Russia invades Ukraine and bombs apartment buildings, it's like hey WTF those are perfectly innocent people

Israel turns the whole of Gaza into a wasteland of corpses and famine and it's like well of course, they're seeing to their security situation, as any country would, here's some bombs my loving brother

I don't think Israel should be allowed at the Olympics either, FWIW

[–] [email protected] 1 points 6 months ago (1 children)

Western countries' relationship with russia may be more relaxed and allow for making ammends, but for any country in the east there was never a time in the past centuries when russia has not behaved lile a bully. Heck, ask any ww2 survivor in eastern europe and they'll tell you the russian "liberator" soldier was just a pillaging and raping piece of shit, and this was when they were technically not the occupier. And this before you start discussing the horrors of russian communist imperialism. I think its quite justified to think they should not be invited to any ww2 commemorations or allowed to act like they are part of "the good guys".

[–] [email protected] 1 points 6 months ago

Why do any ww2 commemoration if you're not going to invite the country that ended the war at this point ?

[–] [email protected] 12 points 6 months ago (1 children)

Sanctioning Russia should take any and all forms until they stop their assault on Ukraine. They've made it clear that they're not acting in good faith, so extending that to them is five steps short of appeasement.

[–] [email protected] 50 points 6 months ago (2 children)

I can appreciate that sentiment but at the same time it'd be hard to swallow if I were Ukrainian and the Russians were at this very moment killing my countrymen while my ally invites them over for tea. It's one thing to let go of the past, quite another to let go of the present.

[–] [email protected] 5 points 6 months ago

Yeah, maybe so. I'm sorta just playing devil's advocate. My point wasn't that Russia isn't a terrorist state which is visiting pointless destruction on the world at large in a stupid and dangerous way, more that the US has also roamed around the world killing innocent people for a variety of reasons, and we still get to go the Olympics and everything.

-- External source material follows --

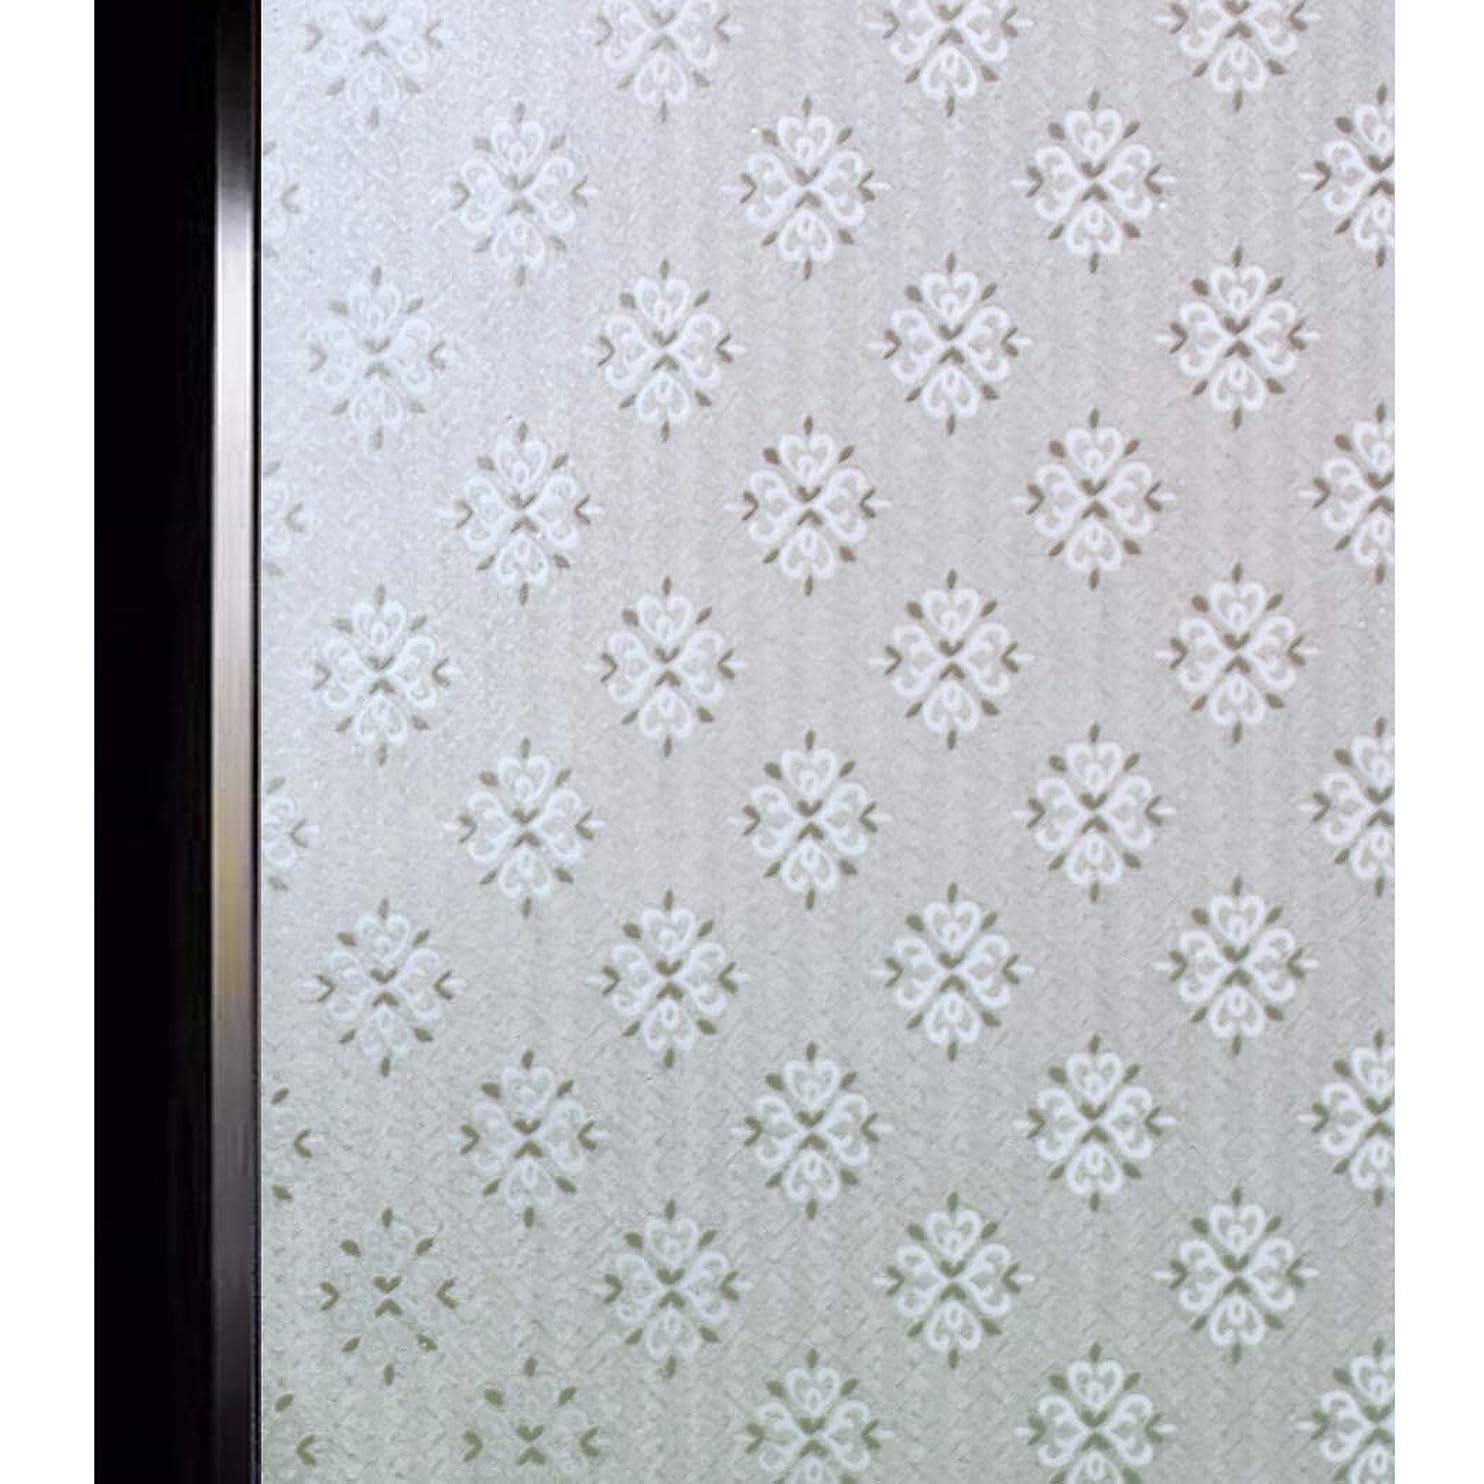 アクチュエータ敬意めったにDUOFIRE 窓 めかくしシート 窓ガラス 目隠しシート 窓用フィルム 窓ガラスフィルム ステンドグラス シール はがせる 断熱 紫外線UVカット 飛散防止 浴室 風呂 玄関目隠し 水で貼る 貼り直し可能 おしゃれ 北欧花柄 (0.6M X 2M) DF258-001
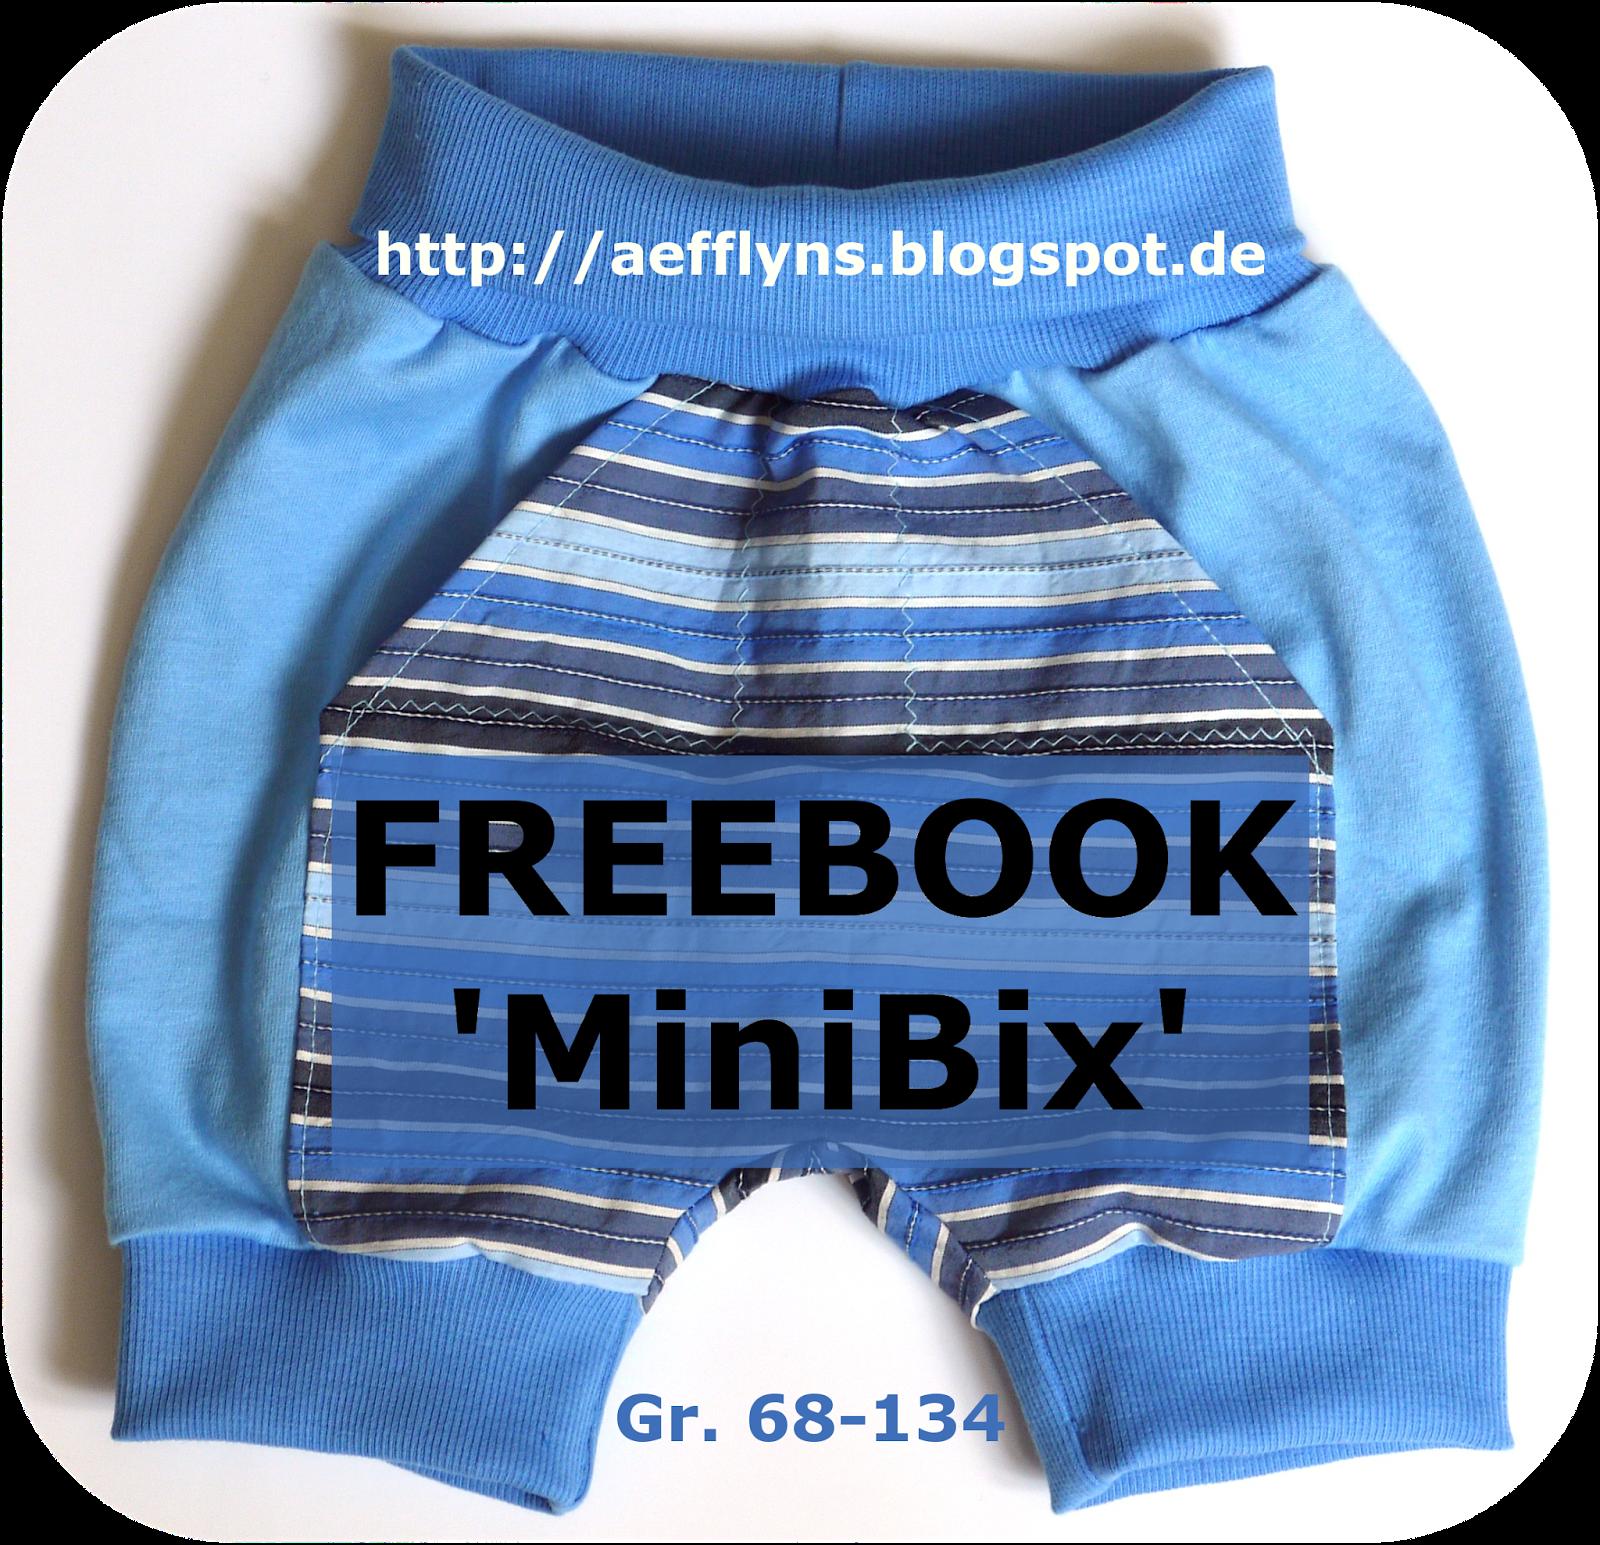 """Freebooktratsch aefflyns mit der Stoffmixhose """"MiniBix"""""""

(I mean I'm not saying they're the same, and I kind of like that Russia got excluded from some of the friendly people's clubs when they started behaving like a rabid dog. Just, I'm saying maybe extending an olive branch every now and then is okay.)

[–] [email protected] 12 points 6 months ago

Exactly, totalitarian regimes gain soft power through good faith measures.

[–] [email protected] 1 points 6 months ago

This is the best summary I could come up with:


PARIS — France’s decision to invite Russia to attend the 80th anniversary of the D-Day landings has stoked tensions with allied nations as leaders prepare to gather on the Normandy beaches on June 6.

Last month, Paris caught Western countries off guard when D-Day organizers announced they were extending an invitation to Moscow even as Russia launches a fresh offensive on Ukraine.

Officials from the United Kingdom and two other World War II allies expressed concerns over the move, raising questions ranging from the symbolic nature of the occasion, protocol issues and queries about diplomatic engagement with Russian representatives.

The organizer of the D-Day commemorations, Mission Libération, which is headed by France’s former ambassador to Washington Philippe Etienne, said last month that Russian representatives would be invited though Putin was persona non grata at the ceremony.

Tobias Ellwood, a Conservative MP and former U.K. defense minister, defended the move and said if Russia were not invited, then “we would risk blurring the geopolitics of today with the unity of purpose in defeating Nazism in the past.” The Soviet Union lost an estimated 27 million people during World War II.

Last week, France’s ambassador to Russia Pierre Lévy raised eyebrows when he attended Putin’s fifth presidential inauguration amid a boycott by most Western countries.